Tapestry of Secrets
reviewed by Hannah Rousselot
Carol Alena Aronoff’s Tapestry of Secrets records the woven thread of the persona’s life, threads created from whispers and fear, but also resilience and pride. Aronoff shows in the first poem in her chapbook, titled “Los Secretos de Mi Abuelito,” that the persona and her family consistently have to wrestle between letting “the unrevealed be buried with her or pass/ along the joy and burden to another generation.” Meaning, the family has to choose between stifling their Jewish faith or worshiping in secret and risk persecution from the Spanish Inquisition. The chapbook begins with the persona’s childhood and ends with her motherhood, and is laden with the question of how to straddle her Jewish faith while avoiding the murderous eyes of the Inquisition. The book itself fluctuates between English, Spanish, and Hebrew, creating morsels of language that are bittersweet to the tongue. The persona struggles with the knowledge that her true faith needs to be hidden, and in the contradictions her life of secrecy entails. When her family is making the traditional food of her faith, the persona is constantly aware of what would happen if her family was found out: “Heavenly smells that can give us away/ and lead us to hell.” In this poem, “Recipe for Disaster,” it is acknowledged that the persona straddles two worlds: a veiled one and a true one. But Tapestry of Secrets begs the question: which is which? It is easy to believe that her Jewish faith is the veiled life, since it requires literal concealment from the Inquisition, but if one looks closer Aronoff shows that the true veiled life is the one she lives day to day, as a Christian.
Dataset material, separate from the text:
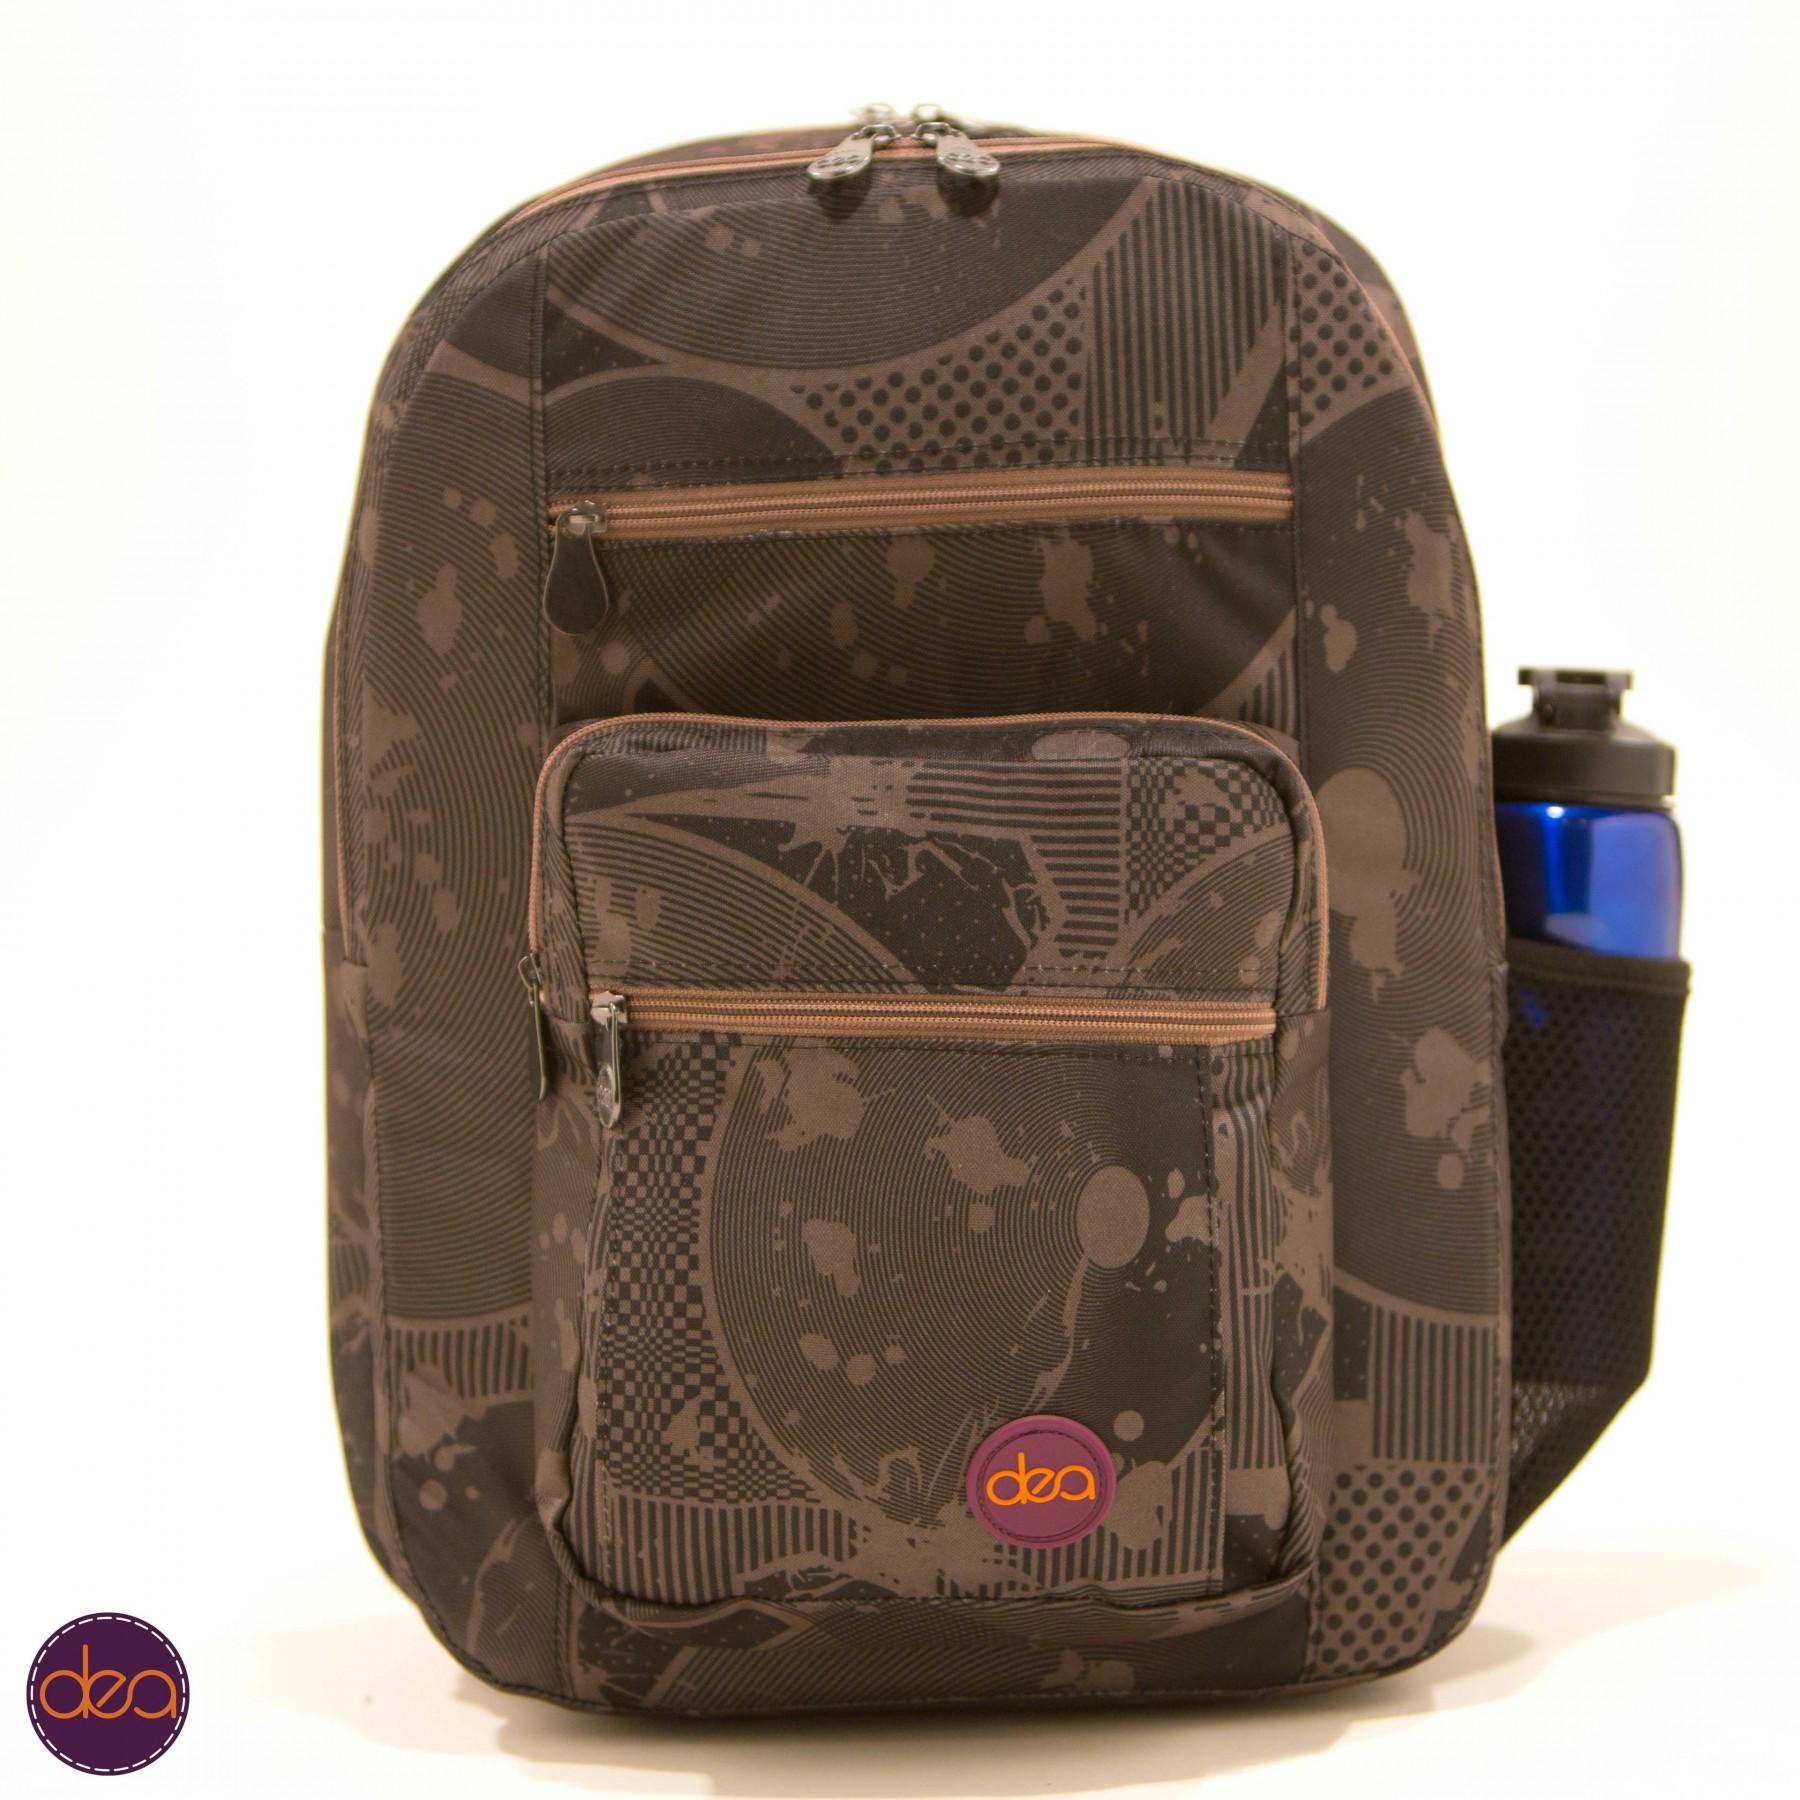 5- Galaxy Dea Bags

She writes in “Double Wedding,” a gorgeous poem about the two wedding ceremonies that the persona has to undergo (one Jewish, one Christian): “we dress for the public wedding, our piety/ in place like makeup we’ll wash tonight/ and replace in the morning.” The persona’s Christian life is one washed off, superficial. Her true Jewish identity, although difficult to live because of persecution, is her lifeblood. The chapbook ends with the poem “Cara Vemos, Corazón no Concemos,” translated as “Even though we see the face, we cannot know what is in the heart.” The final lines of this poem have the persona wrestling with telling her daughter about their faith. Aronoff writes: “Two words somos Judiós spell the death/ of her childhood. Still, she laughs at the future.”
Tapestry of Secrets is an ode to the resilience of faith faced with persecution. It was a finalist for the New Mexico/Arizona Book Awards 2020 and beyond that, it is a compelling and delicate work. I recommend you pick up a copy.